WASHINGTON – The number of grandparents who are raising their grandchildren is going up, and increasingly it's because their own children are addicted to heroin or prescription drugs, or have died from an overdose. For some, it's a challenge with little help available.

In 2005, 2.5 million children were living with grandparents who were responsible for their care. By 2015, that number had risen to 2.9 million.

Child welfare officials say drug addiction, especially to opioids, is behind much of the rise in the number of grandparents raising their grandchildren, just as it was during the crack cocaine epidemic of the 1980s and '90s. An estimated 2.4 million people were addicted to opioids at last count.

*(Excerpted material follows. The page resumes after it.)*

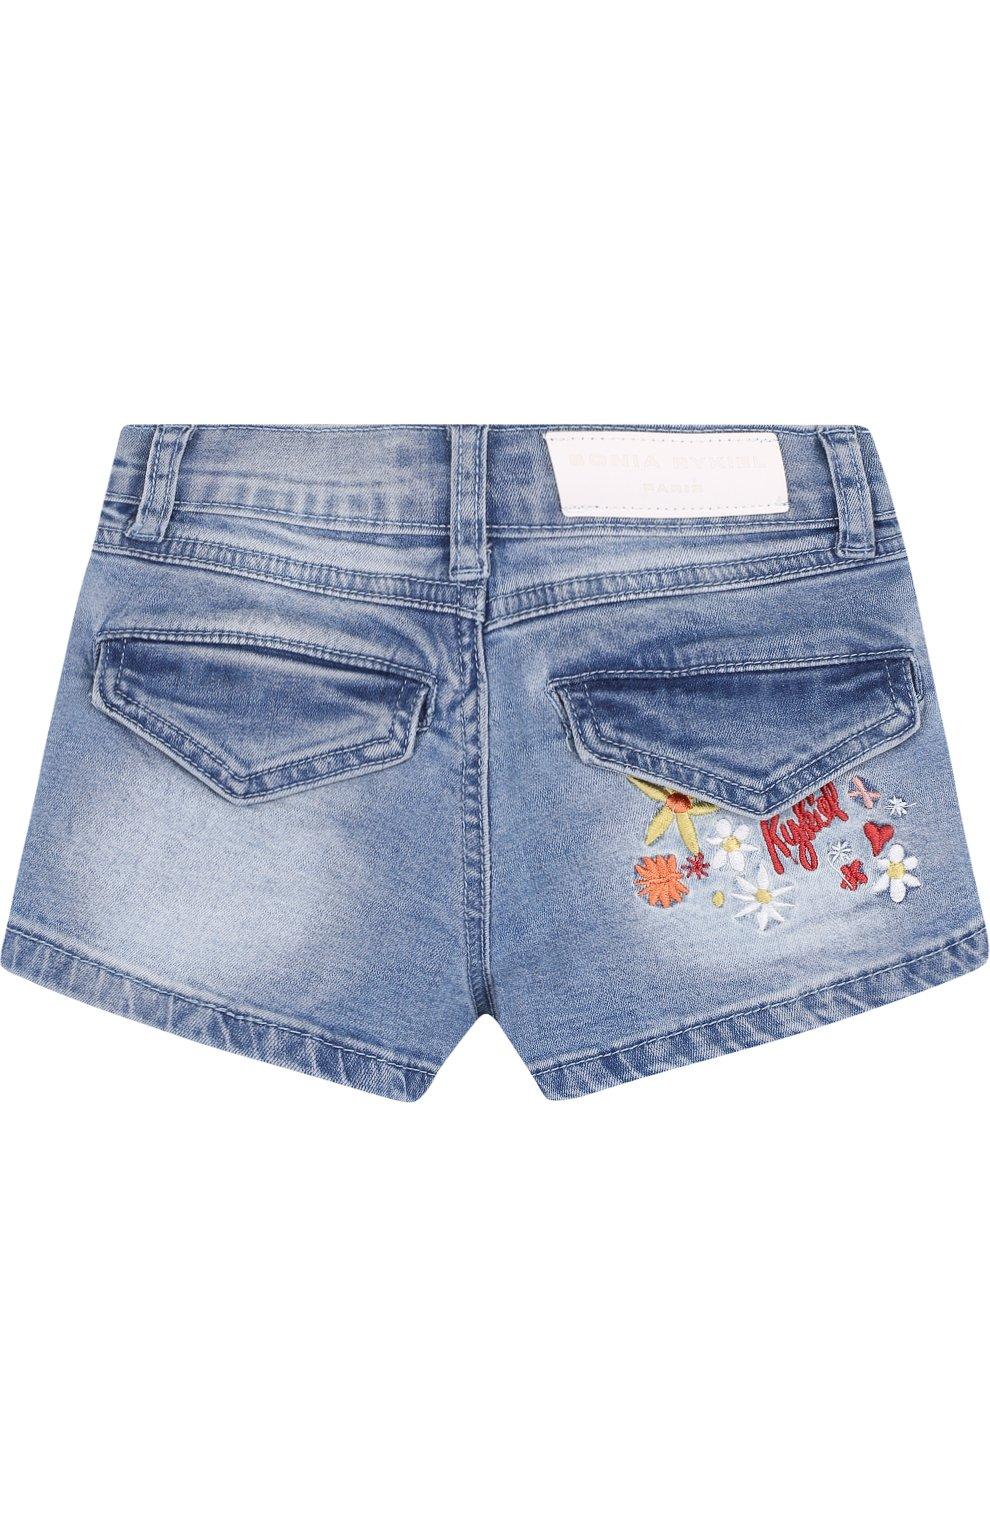 Детские джинсовые шорты с вышивкой SONIA RYKIEL ENFANT голубого цвета, арт. 18S1S003 | Фото 2

Caseworkers in many states say a growing number of children are neglected or abandoned by parents who are addicted. That has forced them to take emergency steps to handle a growing crisis in foster care — and often to turn first to grandparents for help.

"Obviously, the numbers have grown because of the current national opioid epidemic," said Maria Moissades, who heads Massachusetts' Office of the Child Advocate. "You've got grandparents who thought they were going to spend their retirement fishing and traveling. Now they're raising [as many as] five grandkids."

Federal law requires that states consider placing children with relatives in order to receive foster care and adoption assistance. And grandmothers and grandfathers often are the first — and best — choice when state and local caseworkers have to take a child out of a home and find someone else to take custody, said Angela Sausser, executive director of the Public Children Services Association of Ohio, a coalition of public child safety agencies in the state.

In some instances, caseworkers say, grandparents are also struggling with addictions. In Ohio, for instance, the opioid epidemic has grown so large that caseworkers sometimes have a hard time finding any relatives who can step up, said Kim Wilhelm, protective services administrator for Licking County Department of Job and Family Services.

For every child in foster care who has been placed with a relative, another 20 children are being raised by relatives outside the system, said Jaia Lent, deputy executive director of Generations United, a Washington, D.C.-based family research and advocacy group.

Many grandparents face a host of emotional and financial challenges in their renewed parenting role. Twenty-one percent of grandparents caring for grandchildren live below the poverty line, according to Generations United. About 39 percent are over 60 and 26 percent have a disability. And because many are not licensed in the system, they are not eligible for the same services and financial support as licensed foster parents.

"Can't y'all make it easier for grandparents? That's my request," said Dot Thibodeaux, founder of the grass-roots support group Grandparents Raising Grandchildren Information Center of Louisiana. "Most of us are on Social Security. When the family grows, the Social Security does not. You have to make do with whatever you were getting, and that's kind of hard."